I live in Maine and if i wanted to start growing mid-late April how long aprox. would it take to have the plant fully grown?


----------



## THE BROTHER'S GRUNT (Mar 7, 2007)

Irishscent89 said:
			
		

> I live in Maine and if i wanted to start growing mid-late April how long aprox. would it take to have the plant fully grown?

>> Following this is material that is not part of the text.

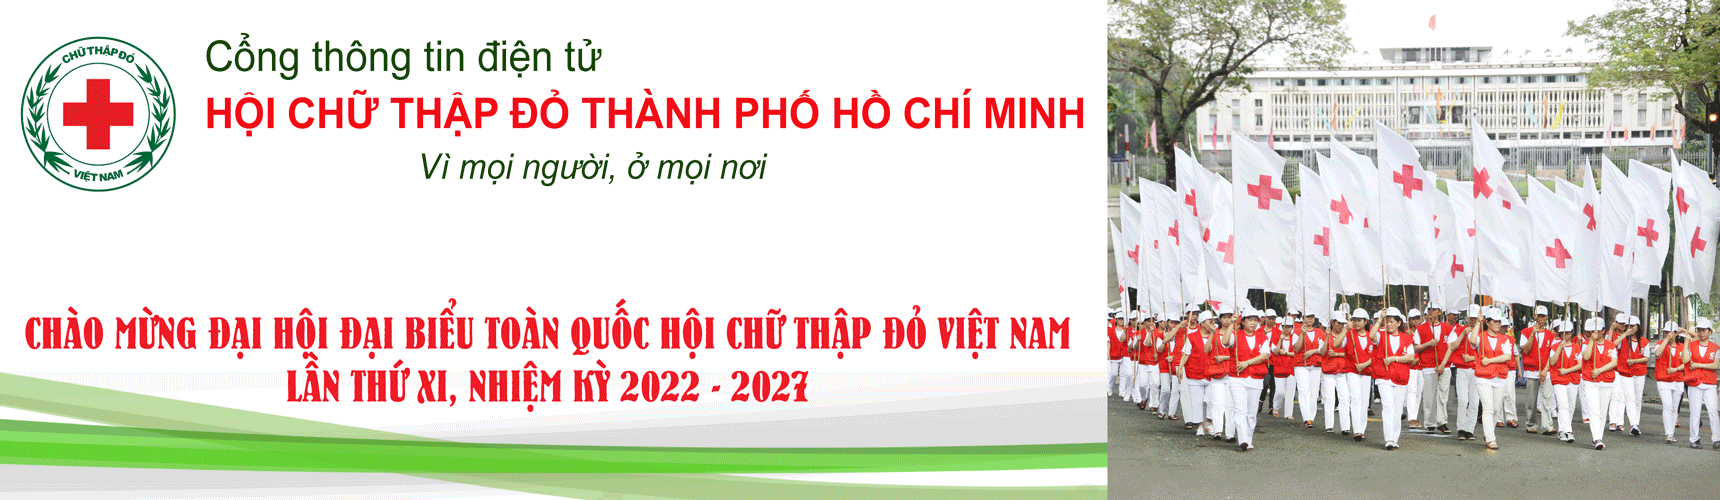 Hội Chữ thập đỏ Thành phố Hồ Chí Minh | Hội Chữ thập đỏ TPHCM
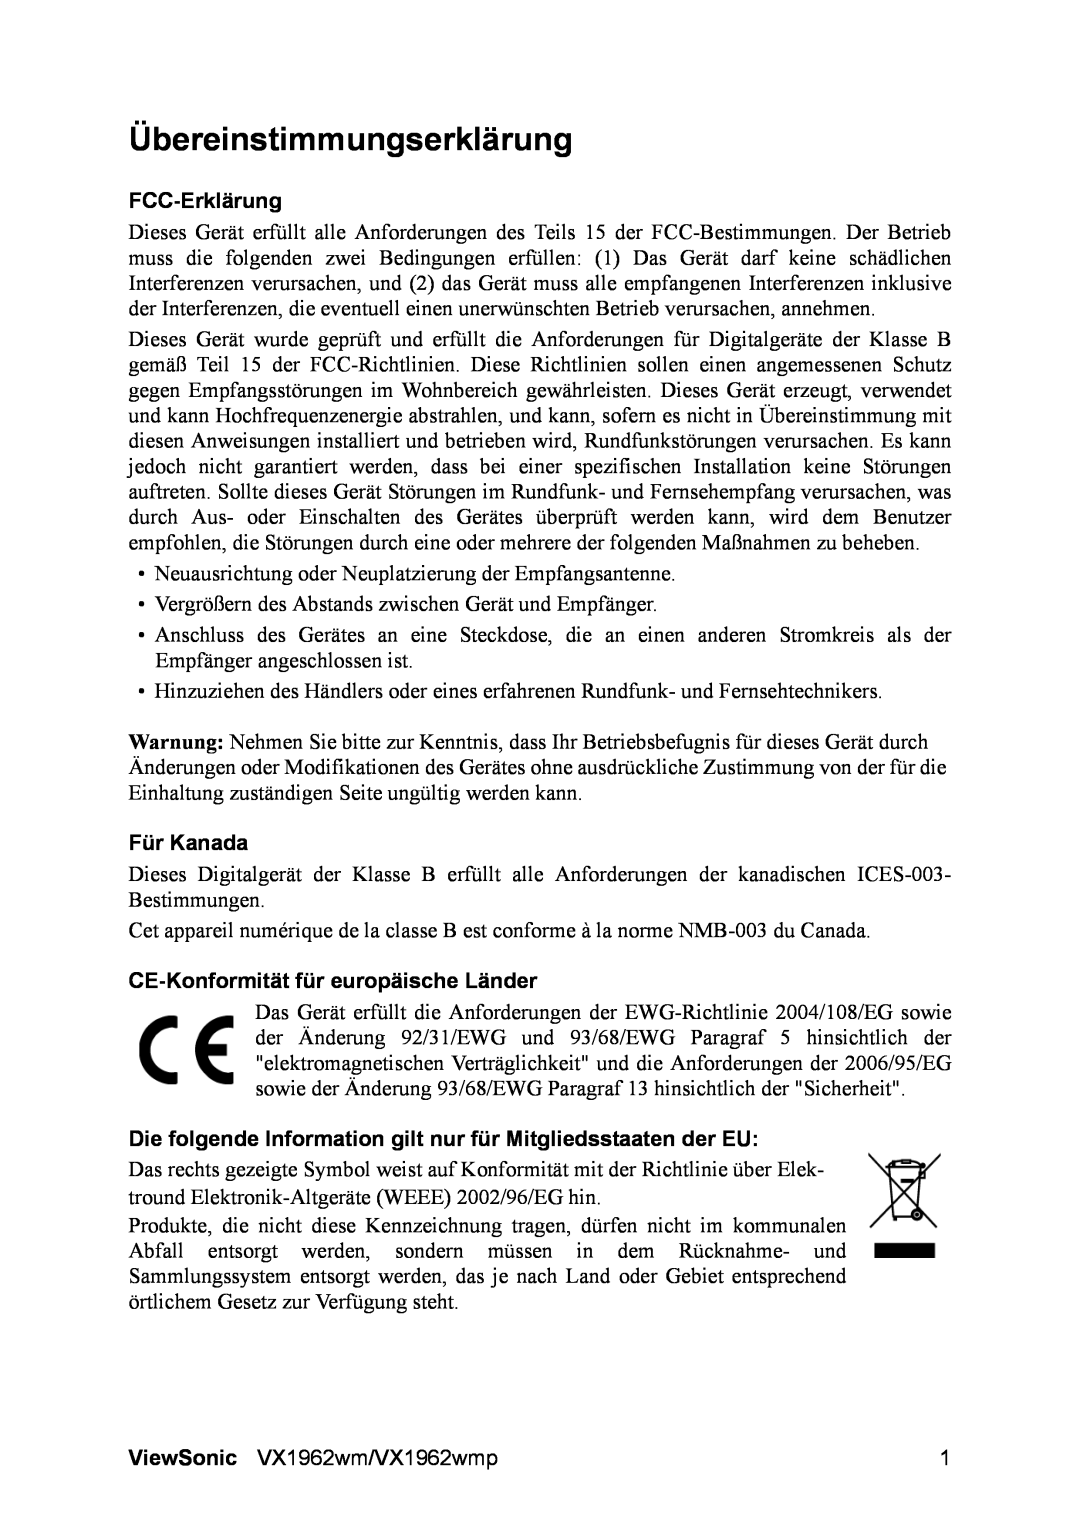 ViewSonic VX1962wm manual Übereinstimmungserklärung, FCC-Erklärung, Für Kanada, CE-Konformitätfür europäische Länder

*Depending on the strain most bud is done by sept. or oct. *


----------



## Kindbud (Mar 7, 2007)

yeah flowering willhappen just as TBG said sept or october i have had a few get done in august but they wear a cross breed with low rider


----------



## SirPots941 (Mar 9, 2007)

i live in florida would it be good if i started growing now?? cuase it only gets 59 degress F at night is that safe anough to start growing????


----------



## KMK (Mar 9, 2007)

yea go ahead i live in florida and im growing right now


----------



## Kindbud (Mar 9, 2007)

well i live in nc and it gets down to 35 at night and 65 in the day and i got mine outside right now the plants can stand alot of cold and it is said that colder temps give you more females so yeah i got mine out early just put a 2 litter bottle over them and they will be fine and in fl you wont need it but i like them they protect the plant some


----------



## SirPots941 (Mar 10, 2007)

well what should i have done to get started growing cause i dont no what to do with the seeds right now????plz someone help me out!!!


----------



## JOHNNY"GREEN"APPLESEED (Mar 11, 2007)

i live on east coast. all the ppl i know who are pros outdoors start april 15th through the middle of june. if u put them in now, the ground still hasnt warmed up. they will grow, but no were as much if u wait that month. u are taking chance of shocking roots. i know were i stay in the country it is like 4 to 8 degrees colder than city. it is 34 degrees right now.


----------



## Lil Squirt (Mar 11, 2007)

I too live on the East Coast in NJ...never have I had a crop finished before Sept and early Oct.  
Happy Growing!

peace~squirt


----------



## stoner (May 4, 2007)

I live in Ontario (canada) is it cool if i start to grow in mid may, or is that to late?


----------



## Burner420 (May 4, 2007)

its not to late u can still do it !!!!!!


----------



## Kindbud (May 4, 2007)

yeah one of my buddys is from ontario and he grew he said he usualy started in may or late april so yeah man you can start them now


----------



## stoner (May 17, 2007)

no, but hopefully in the next two days


----------



## scoot1073 (May 18, 2007)

late sep-october


----------



## scoot1073 (May 18, 2007)

here in north mich right now is a good time to plant anything outside,we just did our garden and come late sep-oct its all good


----------



## 85cannabliss (May 18, 2007)

sounds like, if your up north you should be sowing your seeds to reap you rharvest in autumn.


----------